# yooper deer



## yooper (Nov 23, 2008)

Shot this last wednesday. small 10 point rack but pretty good body size tasty too


----------



## RDT (Nov 23, 2008)




----------



## deeker (Nov 23, 2008)

Looks great, waiting for steaks......

Kevin


----------



## bowtechmadman (Nov 23, 2008)

Great buck there Yooper! Definately a big bodied deer.


----------



## stihl sawing (Nov 23, 2008)

Nice buck, His neck looks swollen too.


----------



## Stihl051master (Nov 23, 2008)

Nice buck! Do you know how much he weighs?


----------



## Sethro (Nov 24, 2008)

Very nice buck !


----------



## yooper (Nov 24, 2008)

Stihl051master said:


> Nice buck! Do you know how much he weighs?



he was 214#


----------



## Stihl051master (Nov 24, 2008)

That's a big poppa!


----------



## beerman6 (Nov 27, 2008)




----------



## tree md (Nov 28, 2008)

Nice buck! Congrats!!!


----------



## Ole Farmerbuck (Nov 28, 2008)

tree md said:


> Nice buck! Congrats!!!


Sure is a lot of people thinking i'm nice! Thanks guys. 

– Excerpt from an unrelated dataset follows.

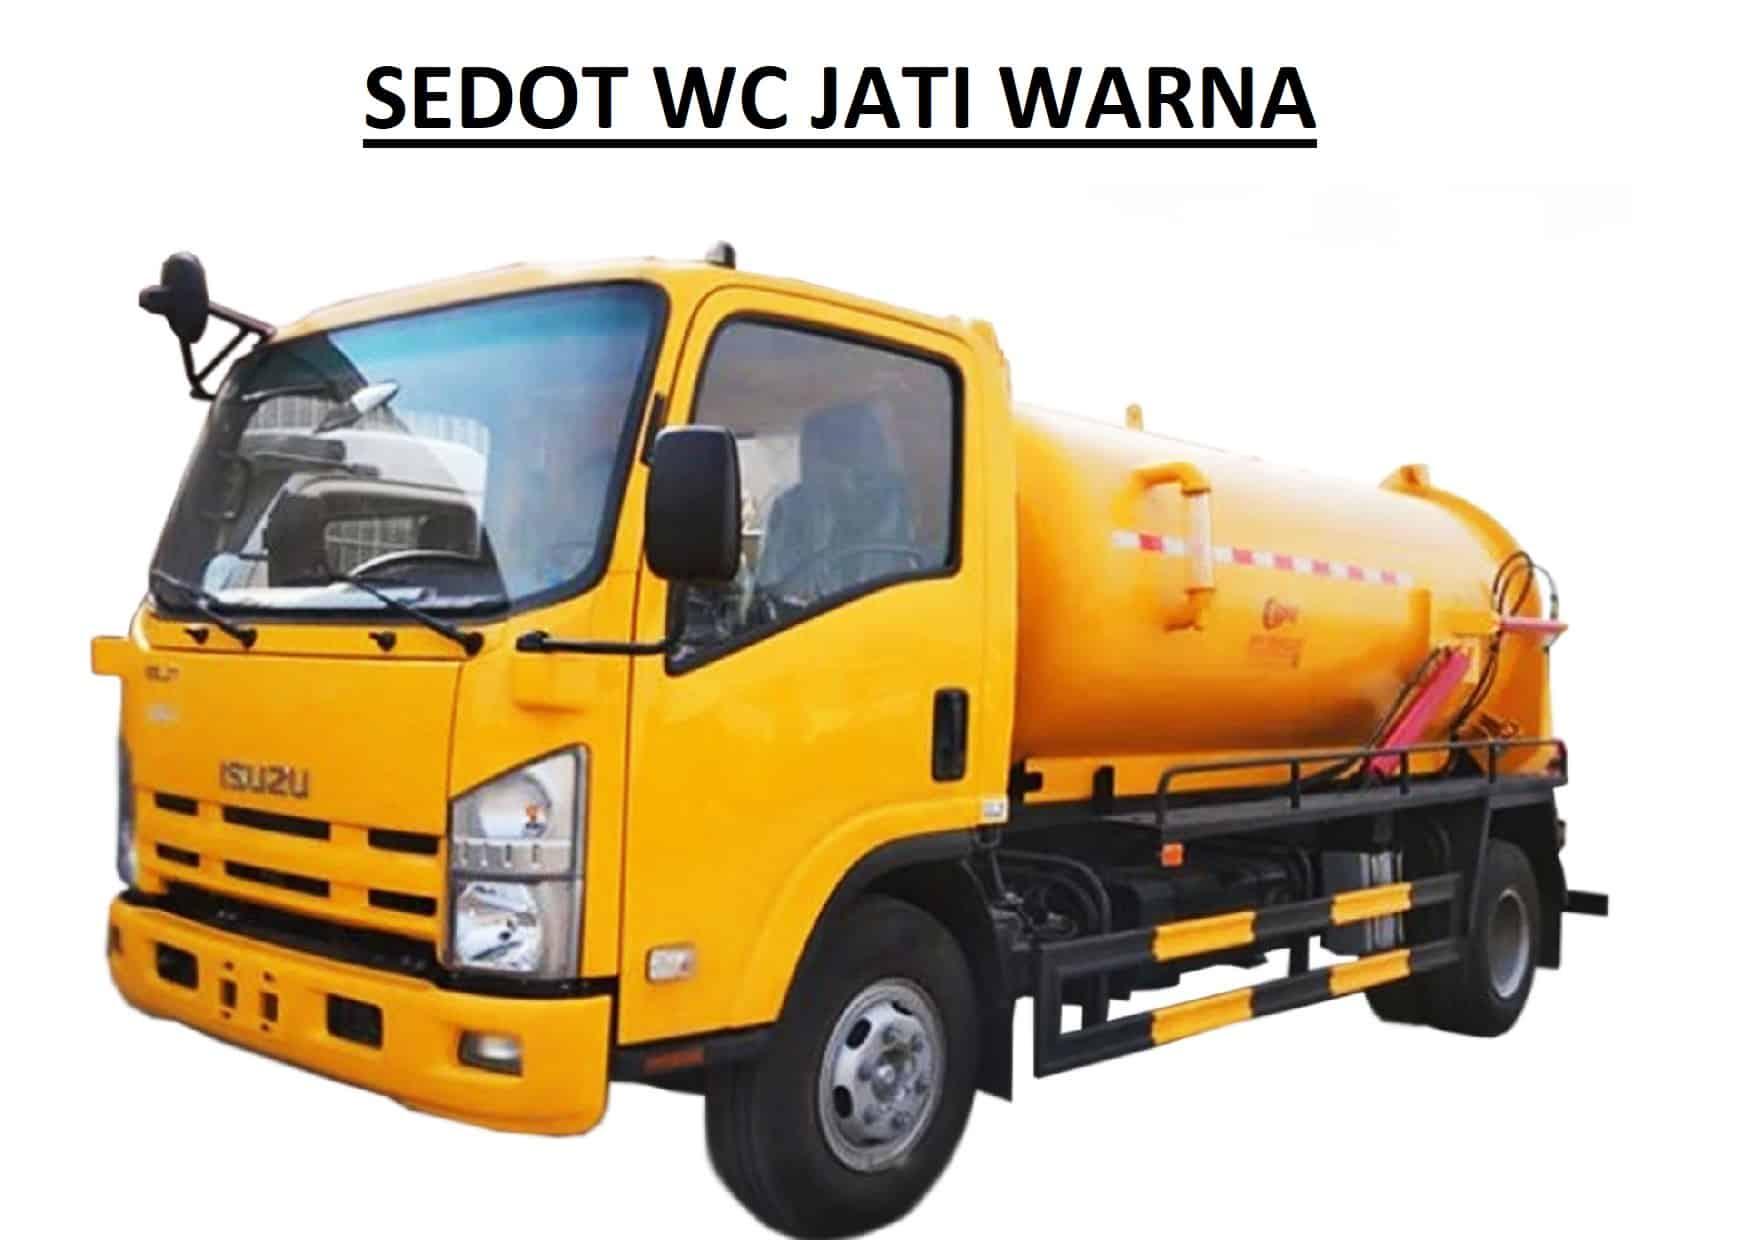 Sedot WC Jati Warna

Buck And yes, is is a nice deer!


----------



## HUSKYMAN (Dec 11, 2008)

A little late, but congrats on your nice buck. Typical UP buck from my experience: big body compared to rack size, but thats still a wall hanger to me.

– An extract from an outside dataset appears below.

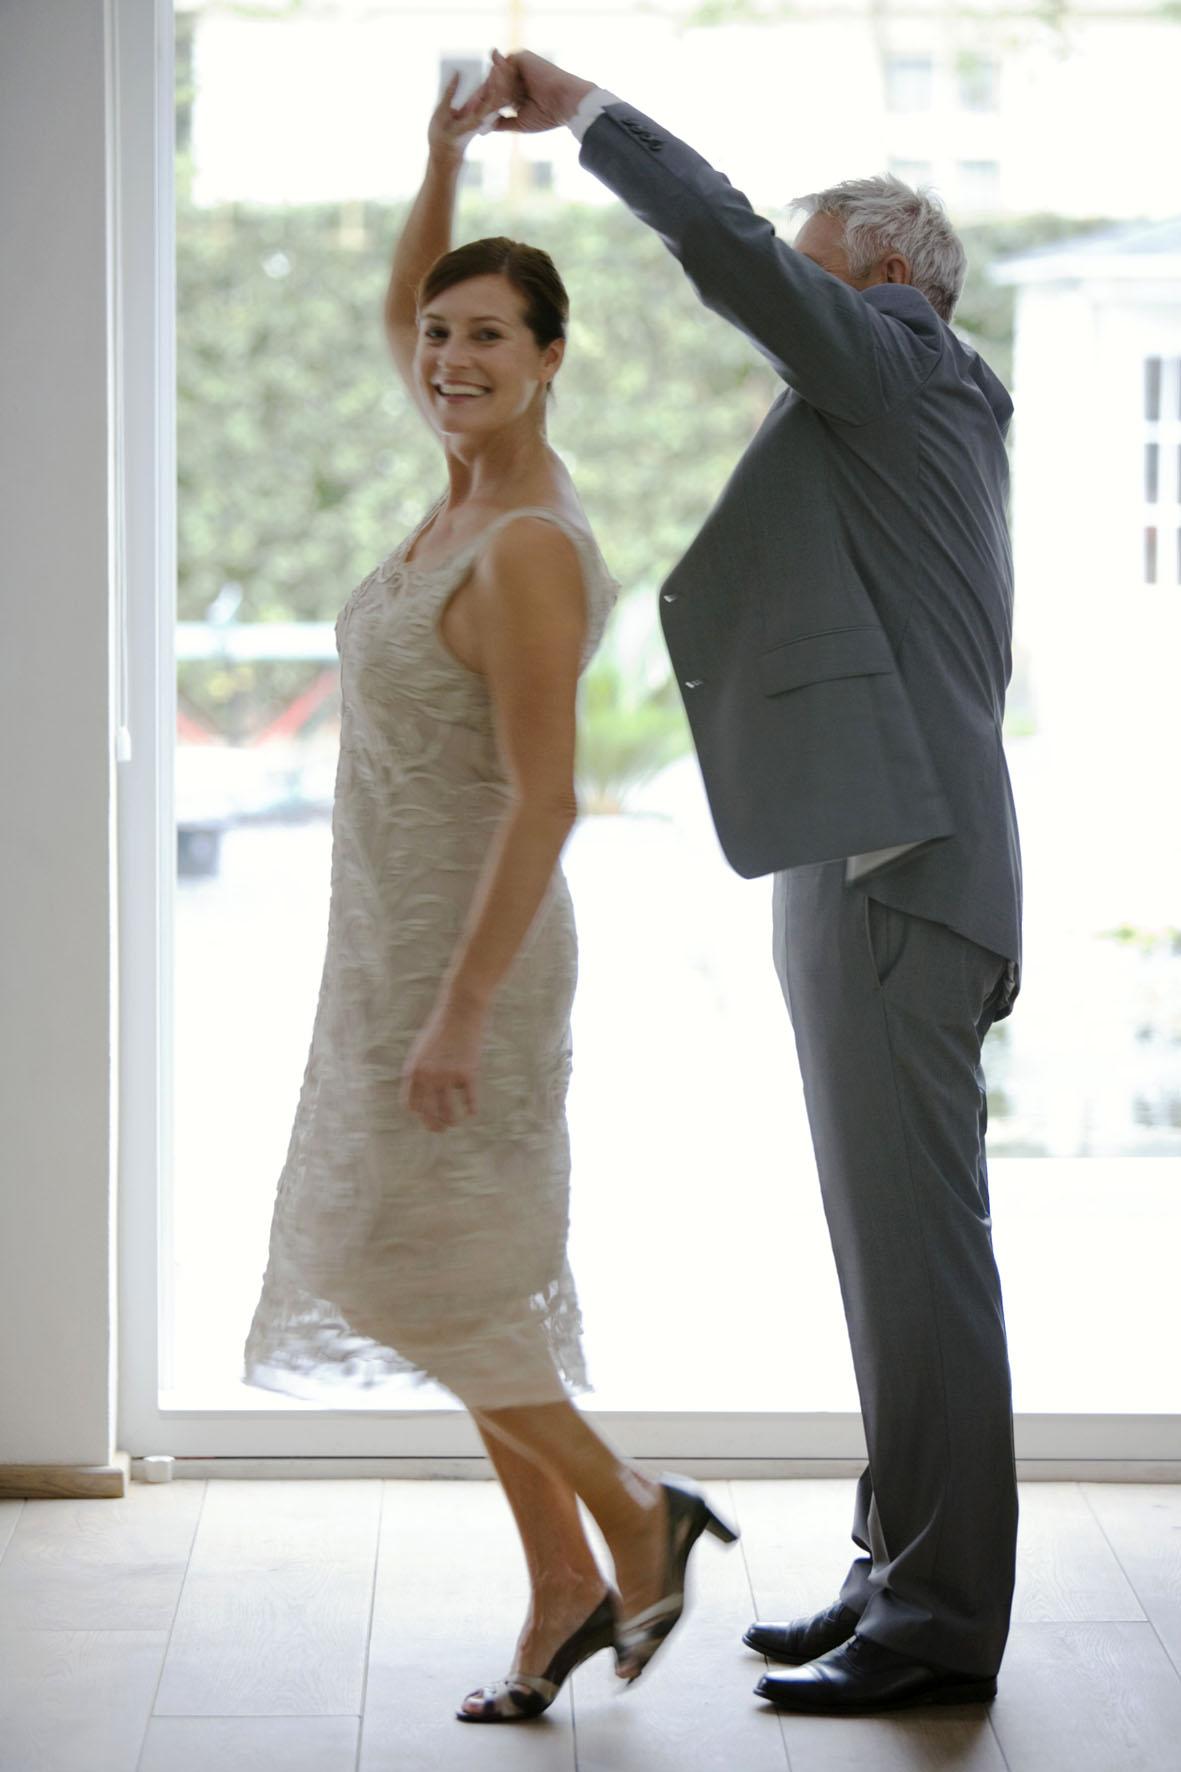 Ein aktiver Lebensstil mit regelmäßiger Bewegung ist wichtig zur Vorbeugung von Venenschwäche - Venenschwäche erkennen

Here is my best kill from this year, a 2.5 yo five point shot off M-81. He was limping, I ended up finding a slug with the wad still attached in his hind qtr


----------



## yooper (Dec 11, 2008)

HUSKYMAN said:


> A little late, but congrats on your nice buck. Typical UP buck from my experience: big body compared to rack size, but thats still a wall hanger to me.
> 
> Here is my best kill from this year, a 2.5 yo five point shot off M-81. He was limping, I ended up finding a slug with the wad still attached in his hind qtr



AAAH, da perfect buck photo, ya got da toung hangen out....which forshur da balls are hangen in da tree somewhere off M-81 Ibetcha


----------